Lind no podía recordarlo, pero su rostro cubierto por una barba desaliñada fruncía el ceño profundamente mientras miraba su anillo de almacenamiento.

El tiempo se le había escapado mientras meditaba y comprendía, pero seguía atascado en el pico del Reino del Alma.

Su limitado suministro de comida parecía menguar a un ritmo más rápido de lo que creía, pero entonces se dio cuenta de lo que estaba sucediendo en realidad.

Todos los anillos de almacenamiento eran artefactos encontrados en Ruinas o Herencias.

No se creaban de cero en el reino mortal, pero todos estaban de acuerdo en que podían contener mucho más y durar más tiempo que cualquier tesoro de almacenamiento contemporáneo.

Lind se dio cuenta de que su anillo, el cual solo había tenido por poco más de cuatro años, hasta donde podía contar, se estaba deteriorando.

Era estable, pero el entorno actual lo estaba desestabilizando mucho más rápido que el desgaste natural.

Los objetos en su anillo que carecían de Qi elemental o no tenían los 6 elementos habían comenzado a desintegrarse dentro del espacio de cien metros cúbicos.

Le picaba el pelo en la espalda y deseaba profundamente poder Forjar un rascador de espalda.

Sus rasgos, antes bien definidos, habían sido reemplazados por una piel escamada, una barba desaliñada y un cabello hasta la espalda, rizado y raído.

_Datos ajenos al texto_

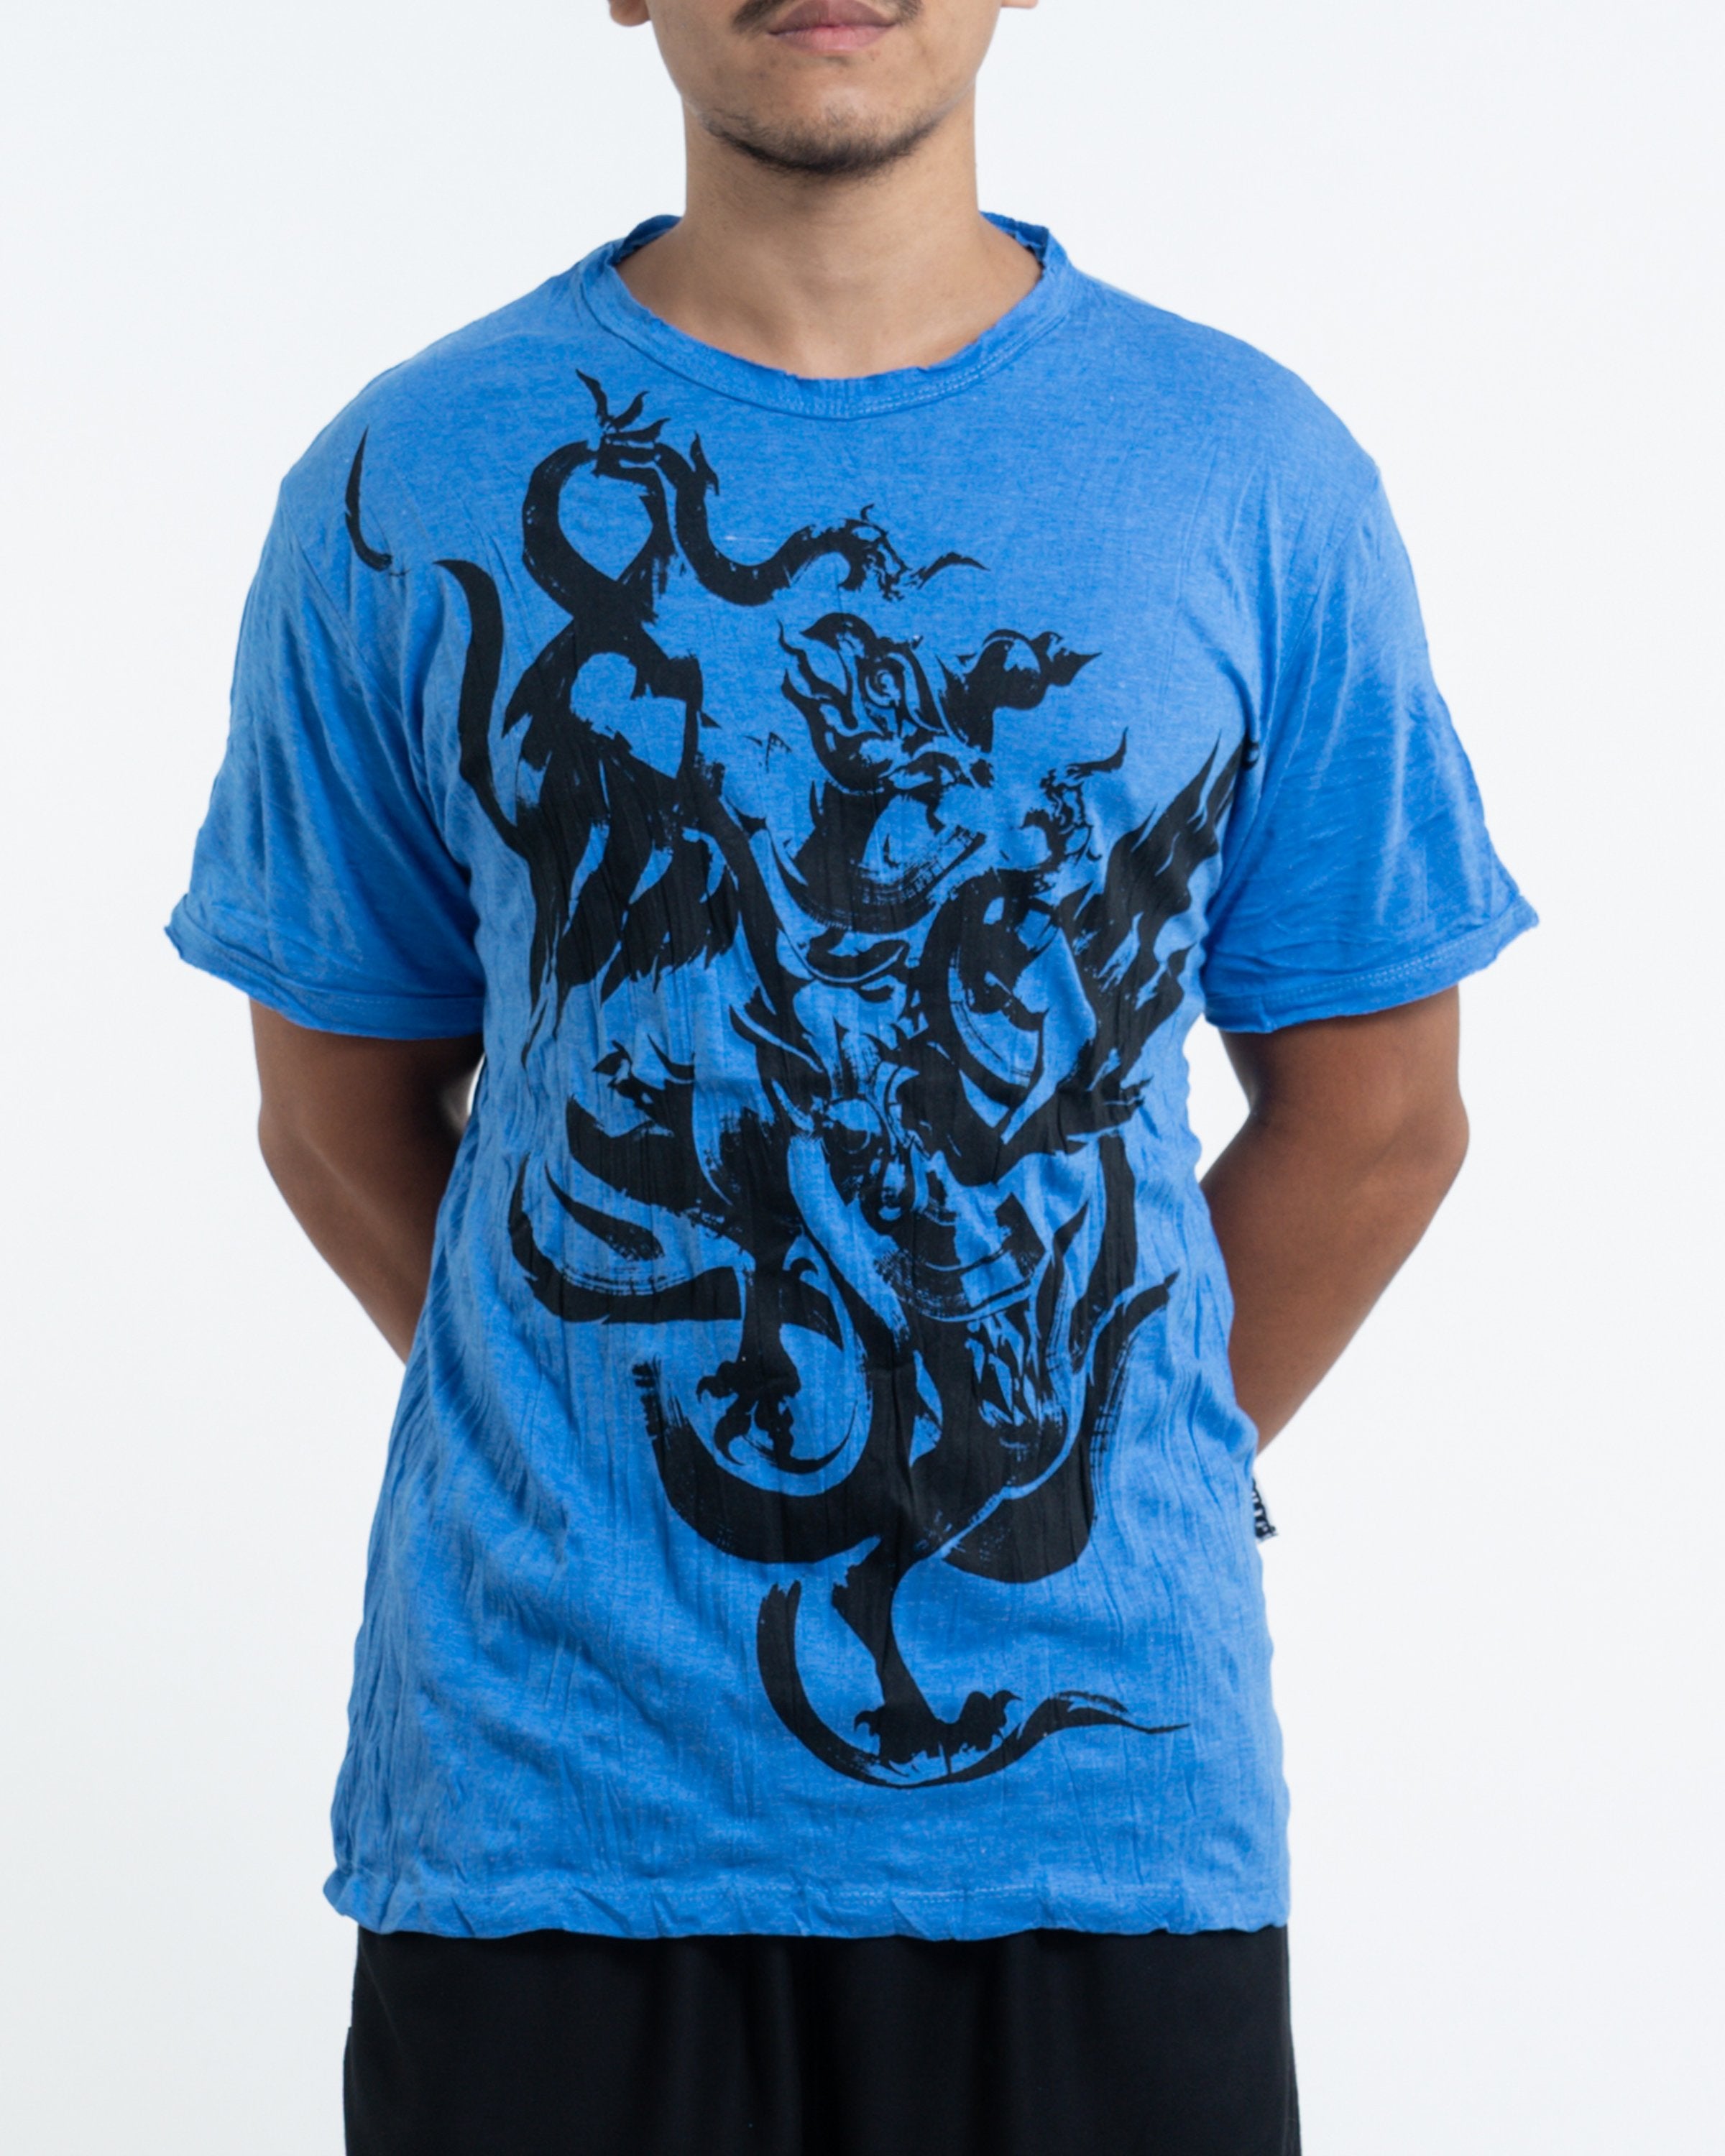 Sure Garuda T-Shirt Blue – Sure Wholesale
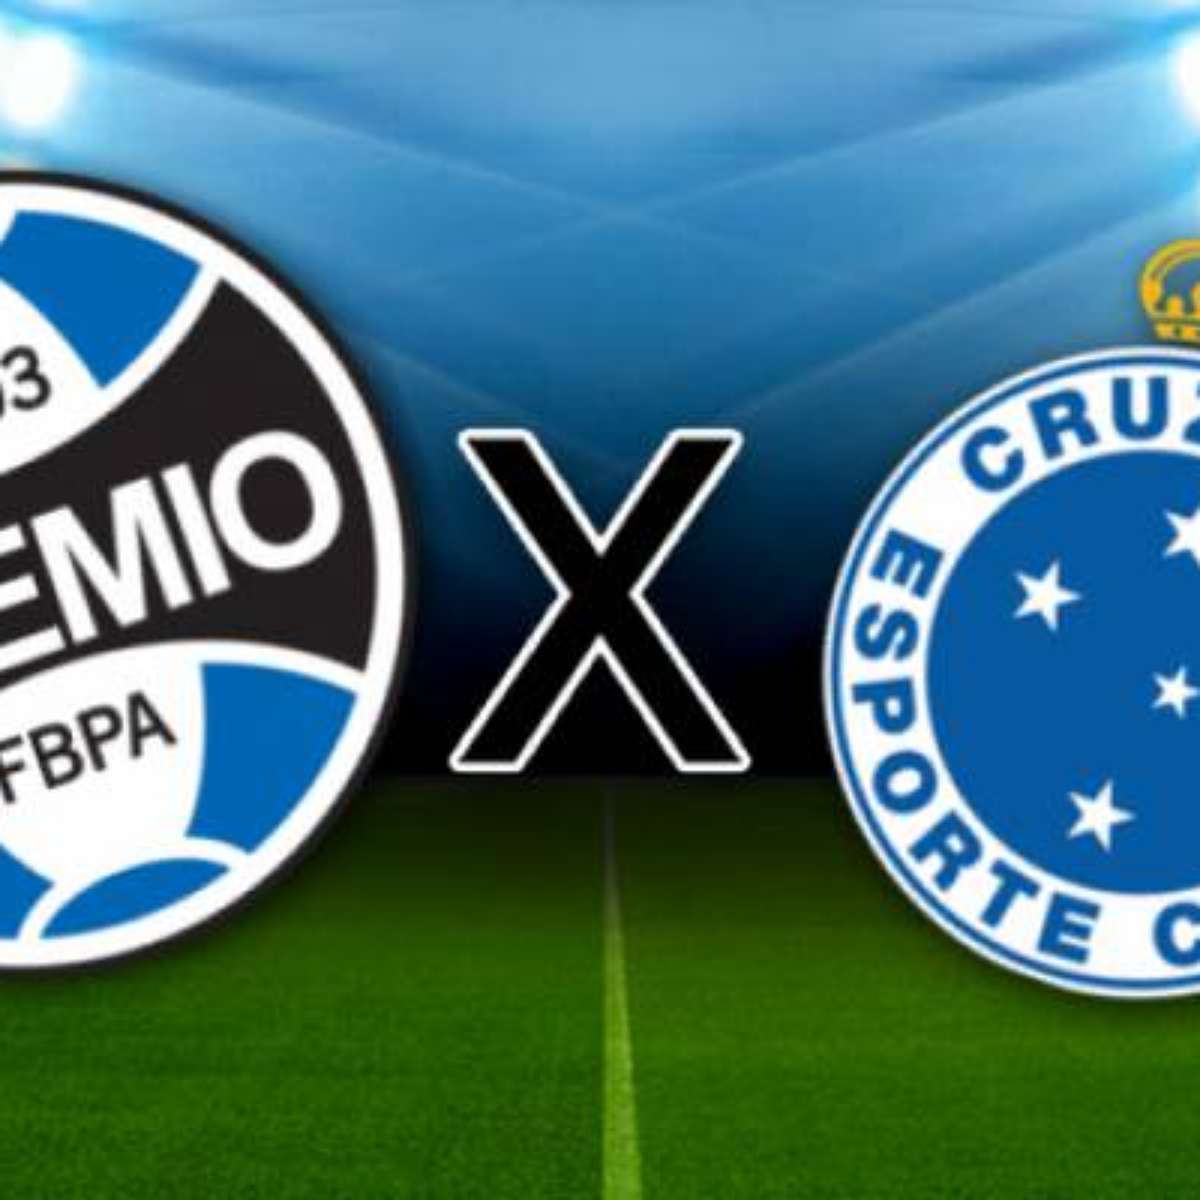 Cruzeiro vs America MG: A Clash of Minas Gerais Rivals

No estaba seguro de cuánto tiempo llevaba en el fondo del maldito cilindro, pero su temperamento se estaba encendiendo.

—¡Una pista, una guía, ALGO, MALDITOS!

—gritó Lind y luego se quedó helado de pie, con los puños en alto sobre la cabeza—.

Maldita sea, estoy empeorando.

—Lind ya había gritado antes, pero cada vez era más frecuente.

Si no fuera por su vida pasada, no estaba seguro de que las apenas dos décadas vividas en este mundo lo hubieran mantenido cuerdo.

Lind adoptó la posición de loto y despejó su mente una vez más.

Había perdido la cuenta de cuántas veces había tenido que hacer esto, pero los intervalos eran cada vez más cortos, lo que sabía que era una mala señal.

Peor aún, las oleadas se estaban volviendo molestas.

Cada vez que Lind cogía un buen ritmo, las oleadas más potentes siempre lo interrumpían.

Incluso ahora, apenas se estaba calmando cuando una poderosa oleada de Qi del Reino Mundial inundó sus sentidos y lo sacó de su meditación.

—¡Maldita sea!

¡Me niego a morir aquí!

¡Me niego a dejar que me venzas!

—Su rabia regresó con toda su fuerza y se quedó de pie, desnudo bajo la luz de las seis corrientes de Qi en la isla de arena.

Jadeaba de ira y miraba con sus ojos verde oscuro la silenciosa piedra dorada que lo rodeaba por completo.

Miró en su anillo y volvió a fruncir el ceño al confirmar que más objetos habían desaparecido.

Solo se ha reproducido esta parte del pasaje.